Everyone in his army had a place.  And a place that suited him and his abilities.  An army is made up of many component parts, each with its own function and contribution.

Many centuries later, in 1776, the Scottish economist Adam Smith published his famous book The Wealth of Nations.

One of the many concepts the book treats is the division of labor.  Smith, of course, related it to economic growth.  The division of labor implies the assignment of jobs to each person in a company or factory that best suit him.  We all have our proclivities, skills and abilities.  Smith's proposition was that each person's strengths get best utilized.  As the labor is divided into smaller parts each working person becomes more expert in his job, his efficiency would improve and his productivity would increase.

Smith realized that the possible downfall of division of labor was in people being stultified mentally, eventually getting bored and dissatisfied.  To him, for labor to be productive, it had to fulfill two goals:

1.  it had to "lead to the production of tangible objects," and
2.  it had to "create a surplus that could be reinvested into future production."

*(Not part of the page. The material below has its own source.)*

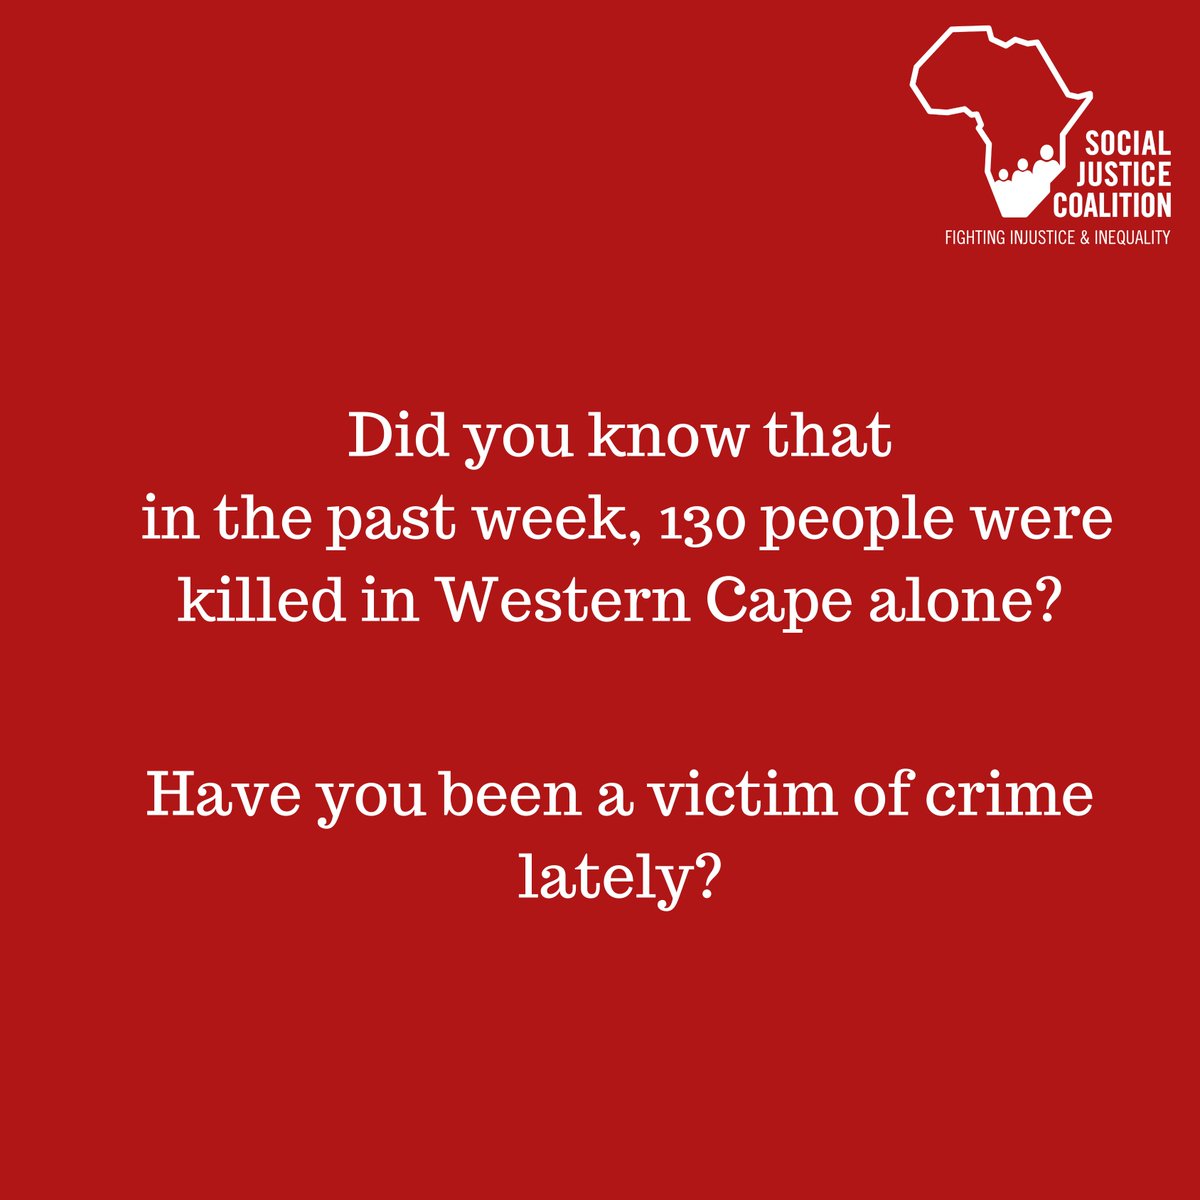 Police Minister Bheki Cele made some shocking revelations about the Western Cape. #safercommunities #westerncape #bhekicele youtube.com/watch?v=Kp9G6F…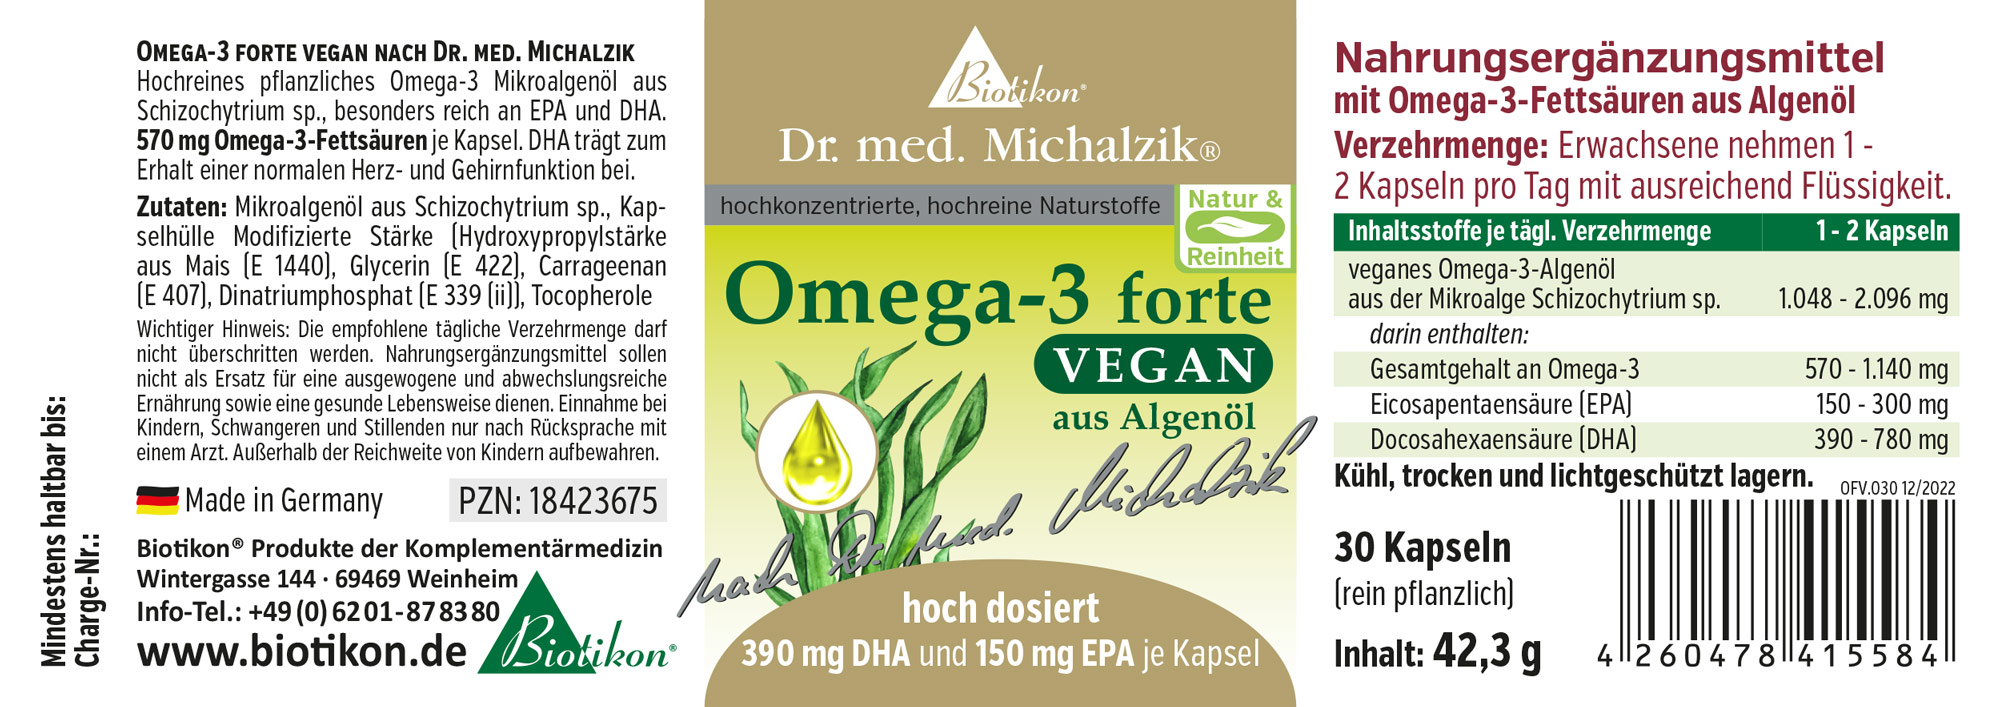 Omega-3 forte vegan - 30 capsules

His thinking was employed by businesses, however, and factories in the Victorian Era of Europe grew in size and productivity, and they propelled economic growth.  Standards of living improved generally.

Apparently everyone in the Khan army enjoyed his contribution.  Although no new surplus was created, there were tangible rewards to the ransacking, but only for the Mongols!  Conquering comes with built-in benefits.  But only for the conquerors.  For everyone else we are talking about the broken window fallacy.

Genghis Khan was obviously not entirely on board with the division of labor concept, thinking that some jobs should not be delegated out or divided into smaller parts.  A National Geographic study on DNA determined in 2003 that some 8% of the 4 billion Asians share the Genghis Khan y chromosome.  It was determined that he has some 16 million male descendants!  If his army was divided up into everyone's most important contribution, that y chromosome progeny is quite an individual contribution!